Monday, July 09, 2007

A bit more on "lay" presidency

I've continued to muse on this topic, because it raises such deep questions in me. So three more or less related points.

1. I have no doubt that, eg in the context of Roman persecution in the early church, or in the context of the oppressed Chinese churches of recent memory, there have been celebrations of communion without a canonically ordained priest present, where Christ was fully present in whatever way you want to understand that to be, and where the activity was as meaningful as it could be. In a related fashion, I don't have any problems with a house group sharing communion amongst themselves, for example (though that depends a little on how it is understood). The issue, for me, is when that form is chosen exclusively over against a possible alternative, viz having an ordained person presiding, because of what then seems to be rejected: the reality of the wider Body. What I most struggle with, in the extremes of Christianity (ie at both evangelical and Roman Catholic ends of the Western spectrum), is the idea that 'unless you're exactly like us then you're not a Christian'. To my mind embracing the authority of an ordained priest, ie ordained by the wider church, is precisely about saying 'this is bigger than us', 'we are not the centre of gravity' and so on. It's about Christ not being the possession of the small group. I'm still digging into this perception of mine though; sometimes surprising things have happened once I uncover the roots of something like this. I am not yet fully clear on what I'm being led to understand about it.

2. A specific point: much of the advocacy for lay presidency talks about the Passover ritual, which didn't require any form of ordained ministry to be carried out (though I believe it was still 'presided over' by the head of each household). This seems to only draw on part of the roots of communion, for an equally substantial origin for communion is the Temple liturgy (Jn 2.19-20), which had the most extreme elevation of ordained hierarchy possible. A large part of the language that we use in Christian theology - eg Son of God language - stems from the Temple liturgy, so it can't just be brushed off.

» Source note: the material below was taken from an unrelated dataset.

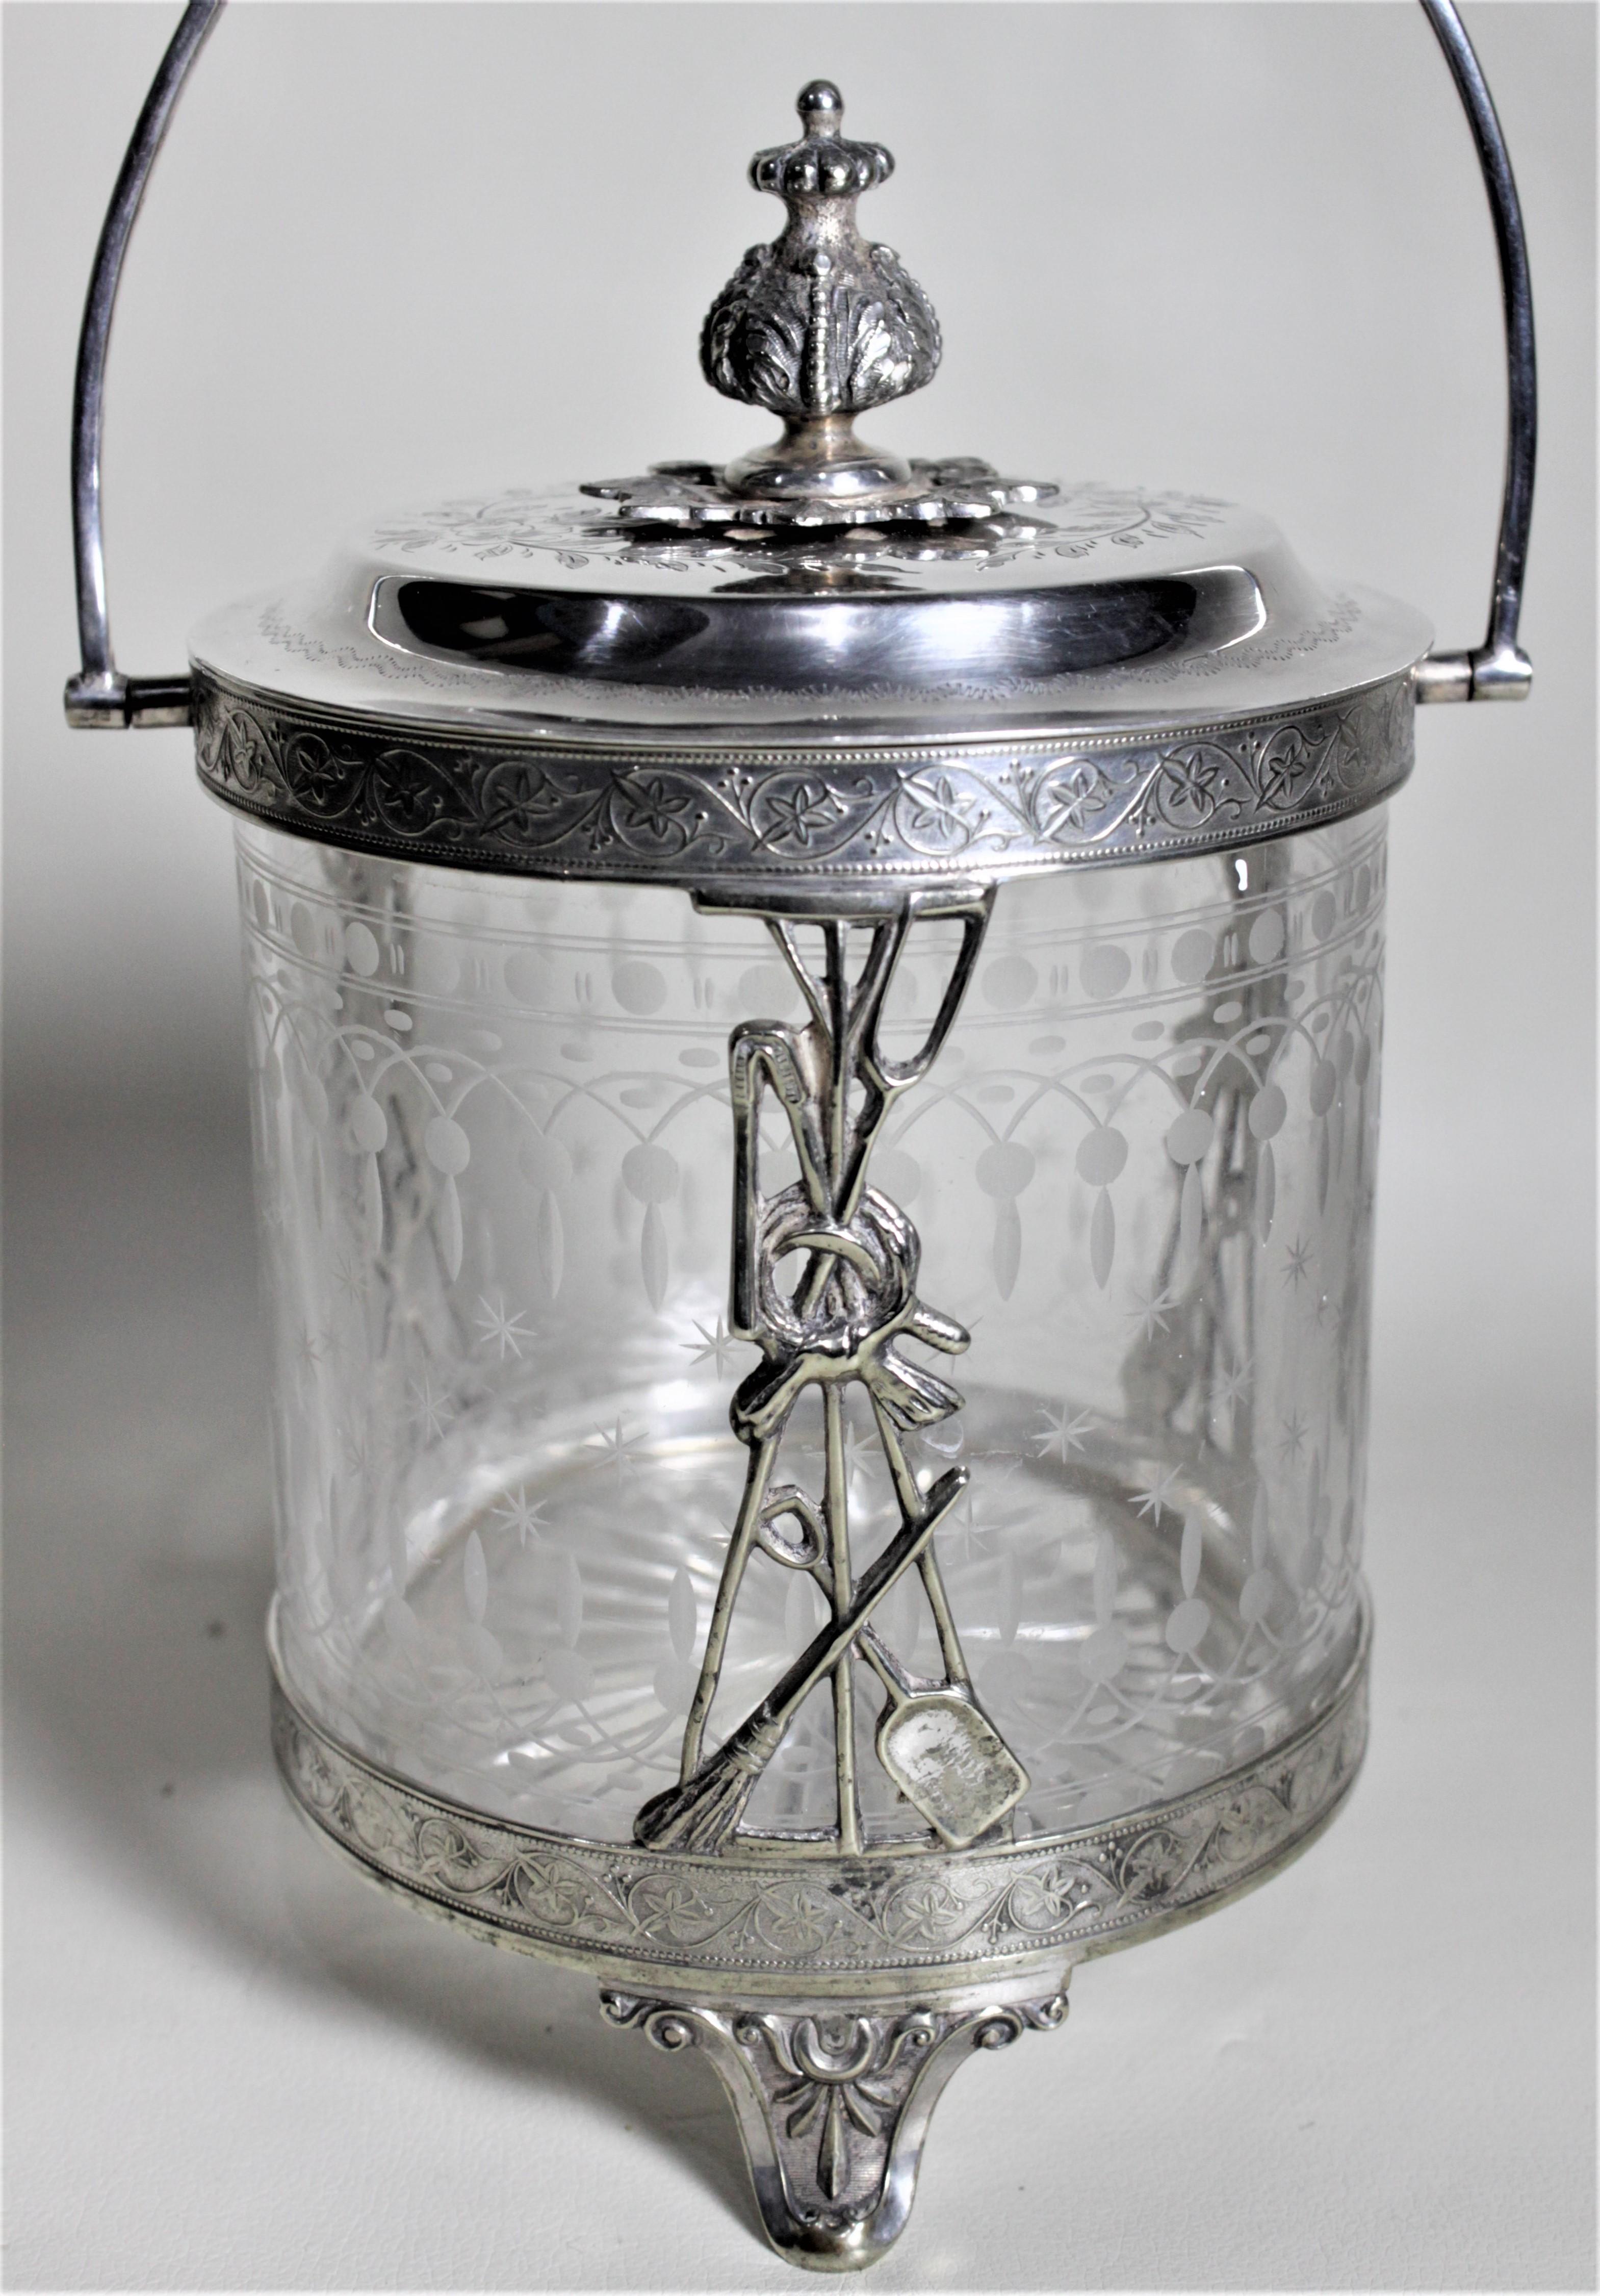 Antique Silver Plated Biscuit Barrel with Figural Decor & Etched Glass Insert 5

3. I had a very specific vocation experience, that was centred on the notion of presiding at communion, ie that was literally the vision I was given. It was not at all a welcome vision and I fought against it. Yet I couldn't deny that presiding at communion was precisely what I was called to do. When I attended my selection conference I was pressed on how I understood this by a Bishop, and he exhumed the fact that my understanding was still quite shallow. He directed me to read this document, wherein the Church of England set out a) it's understanding of communion; b) the role of the president in communion (indissolubly linked to overall responsibility for a community); and c) its rejection of lay presidency. It was b) that I hadn't fully absorbed - and which I'm still wrestling with - but c) can't be separated from a) and b). So this question raises the profoundest possible question about who I am called to be by God. Put differently, if lay presidency is accepted then I no longer know who I am called to be - I don't know what the point of my life is. One of the key challenges made to me when I first began exploring ordination was 'what can you do as a priest which you can't do as a committed Christian?', to which the answer is 'preside at communion' - but not simply as that act, but all which that act represents in terms of b) above, ie to bear responsibility for shepherding and feeding a flock. It is that which is my vocation, and presiding at communion is the necessary sign of that vocation. To separate out that general authority from the action which expresses its meaning is to unmake the vocation itself; all that seemed solid melts into the air. I'm afraid I can't get away from seeing that rejection as either a rejection of sacramental theology as such (because if the sacraments have no incarnational reality then the role of the president is deferrable and delegatable) or simply - as I said before - an issue about rejecting authority, which, leaving aside my cheap cracks about adolescence, is profoundly unScriptural. Either way, I must confess that my vocational experience is an unarguable reality in my life - subject to further direct revelation of course! - and it is deeper in me than my attachment to the Church of England. If the Church of England changes it's mind and accepts lay presidency then I would undoubtedly leave this Church. I doubt I'd be on my own in that.

Ho hum. I'm sure I'll continue to gnaw on this bone.